**WHAT YOU WILL DO**
Although the data below contains pictures, output only the lines between those holding "1475) Canada 129" and "Enchanting Still Life", inclusive, exactly and without those pictures.

**MATERIAL SUPPLIED**
|---|

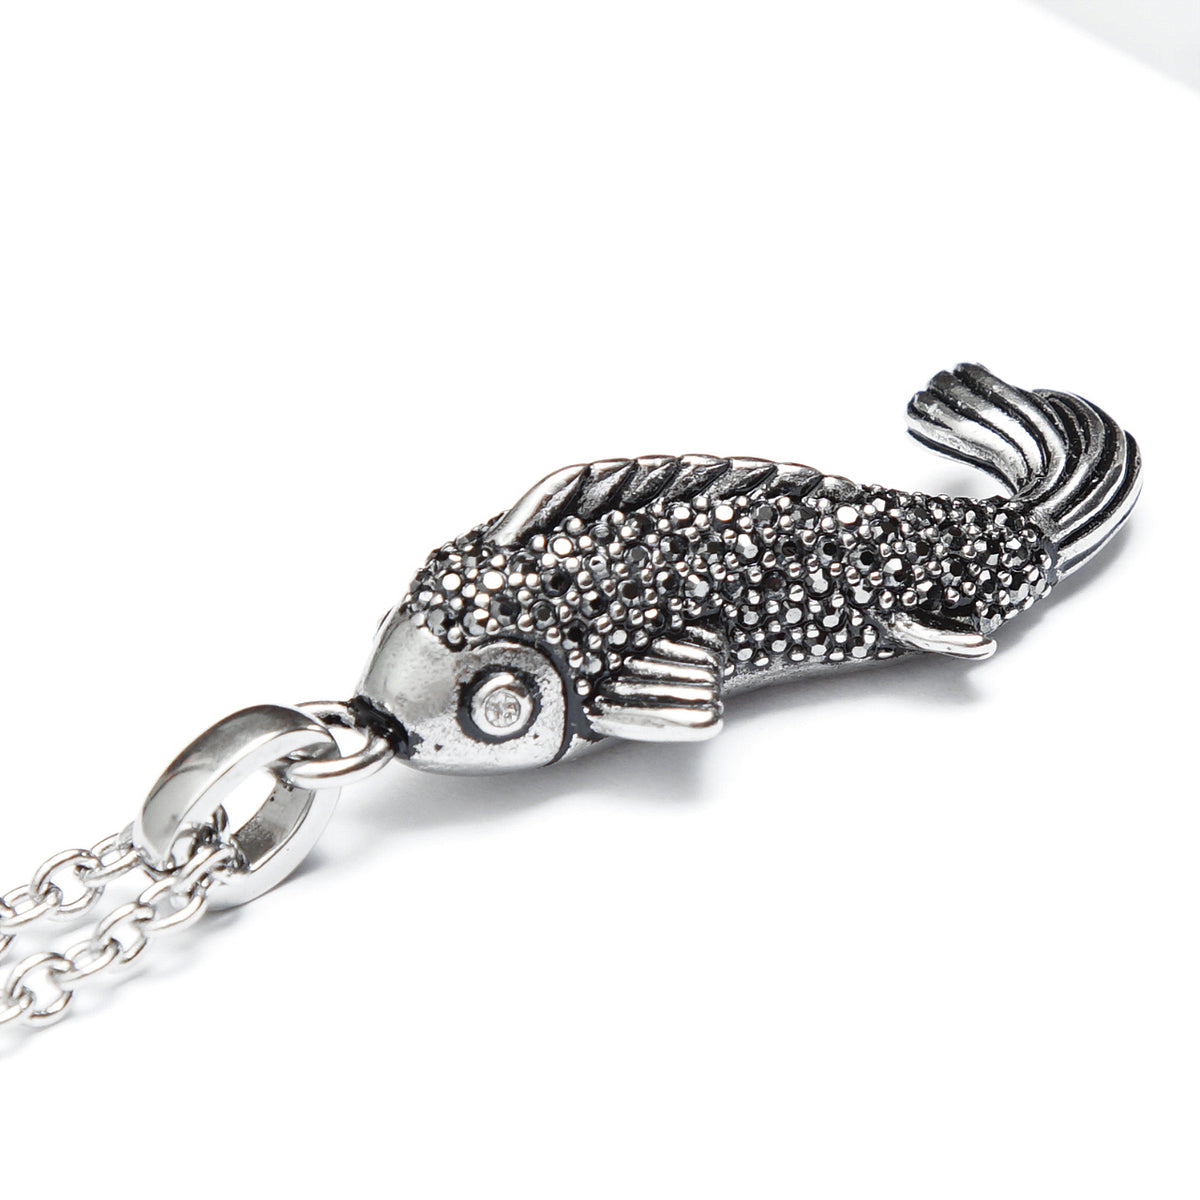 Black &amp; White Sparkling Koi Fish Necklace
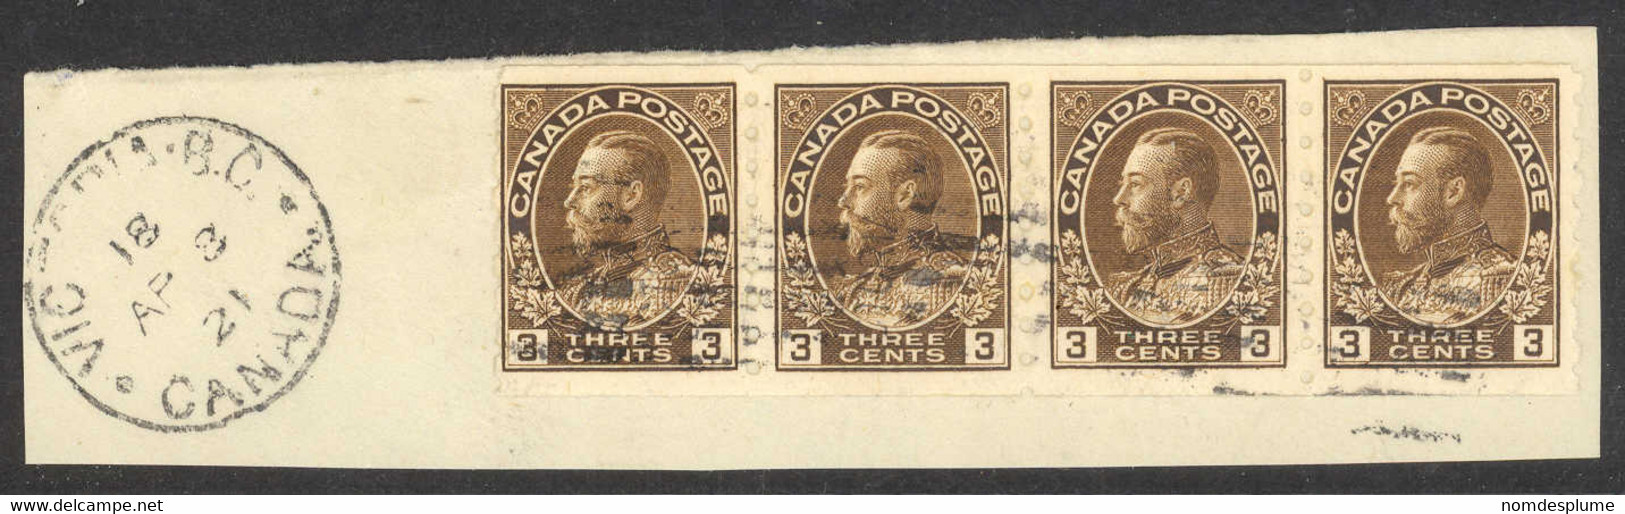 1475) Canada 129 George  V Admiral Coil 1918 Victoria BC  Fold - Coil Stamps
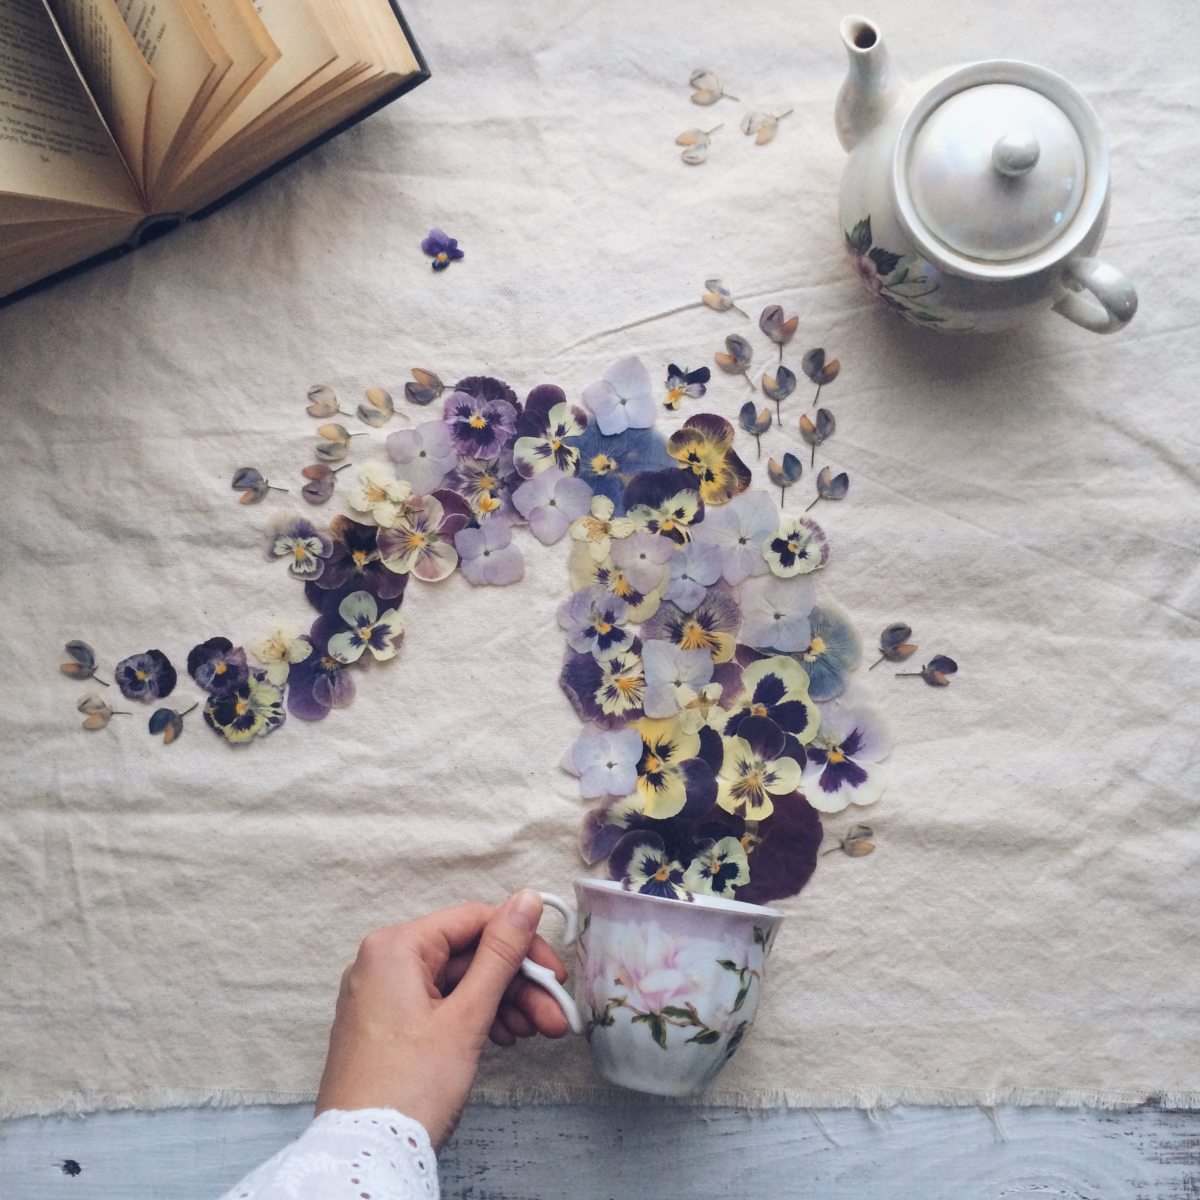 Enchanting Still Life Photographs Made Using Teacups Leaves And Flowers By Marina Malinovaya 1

|---|

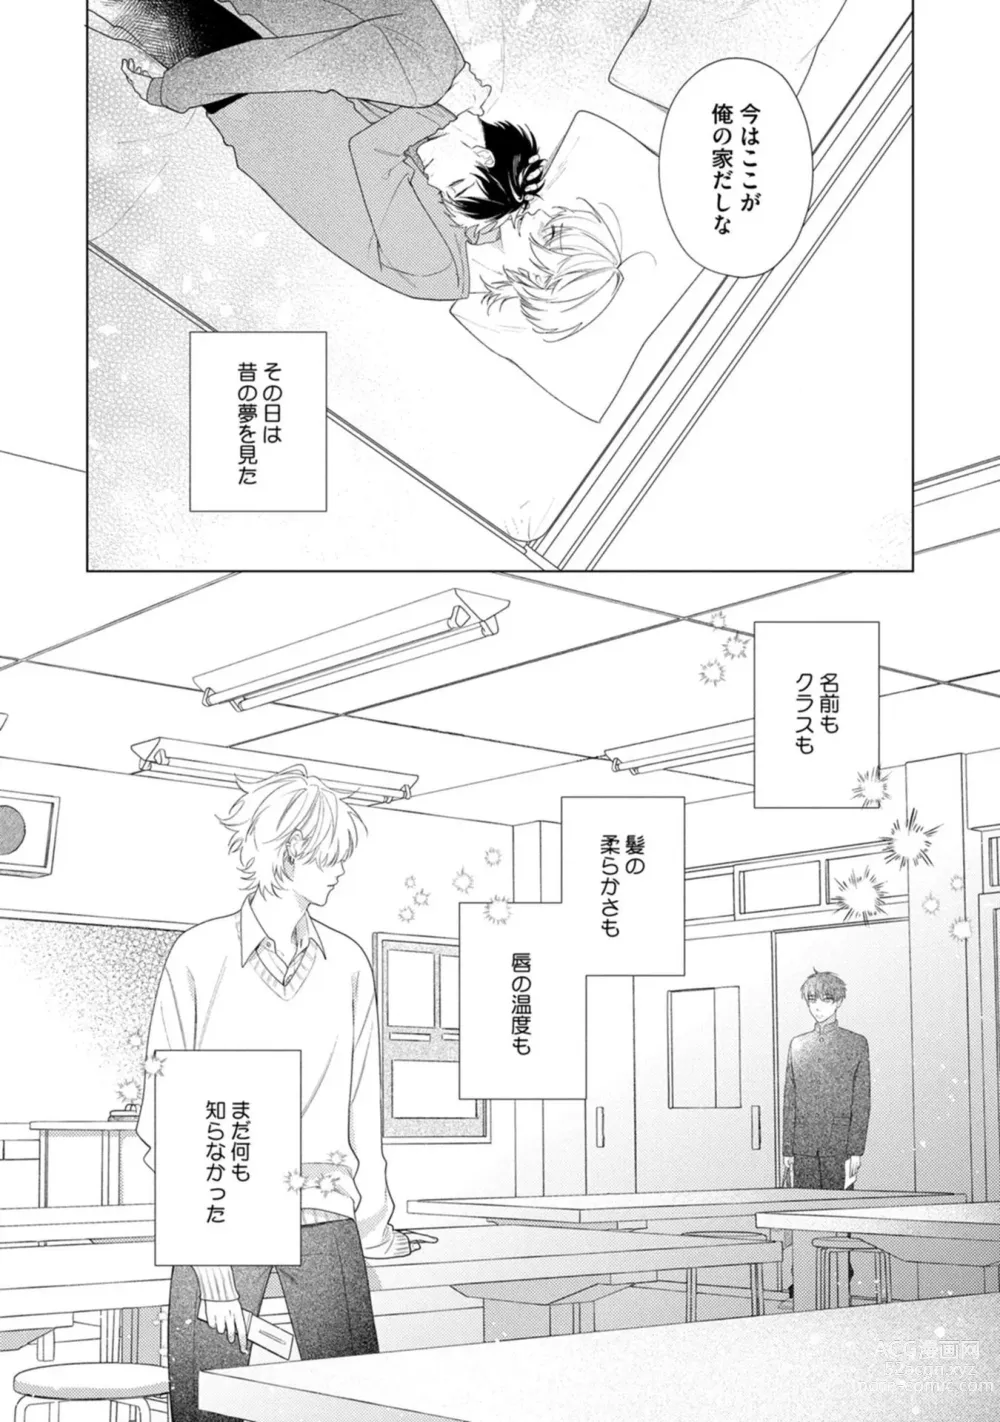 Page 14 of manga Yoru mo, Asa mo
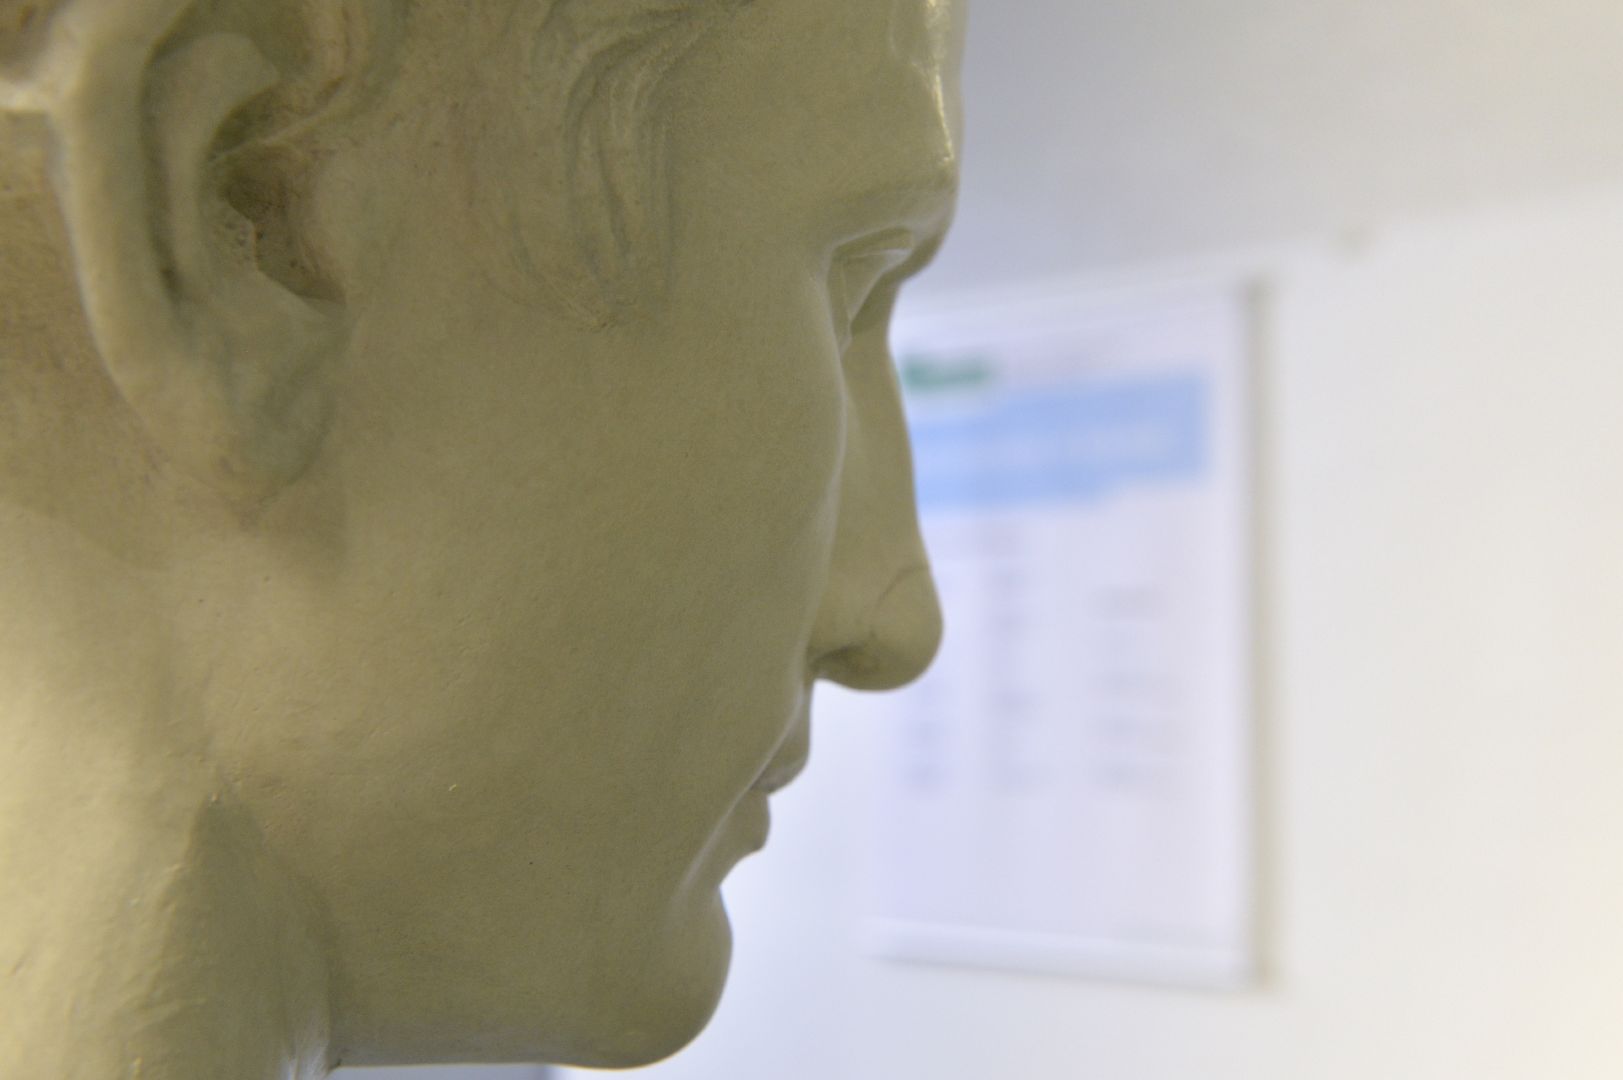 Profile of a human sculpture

|---|

**EXERCISE RESULT**
 1475) Canada 129 George  V Admiral Coil 1918 Victoria BC  Fold - Coil Stamps
 Enchanting Still Life Photographs Made Using Teacups Leaves And Flowers By Marina Malinovaya 1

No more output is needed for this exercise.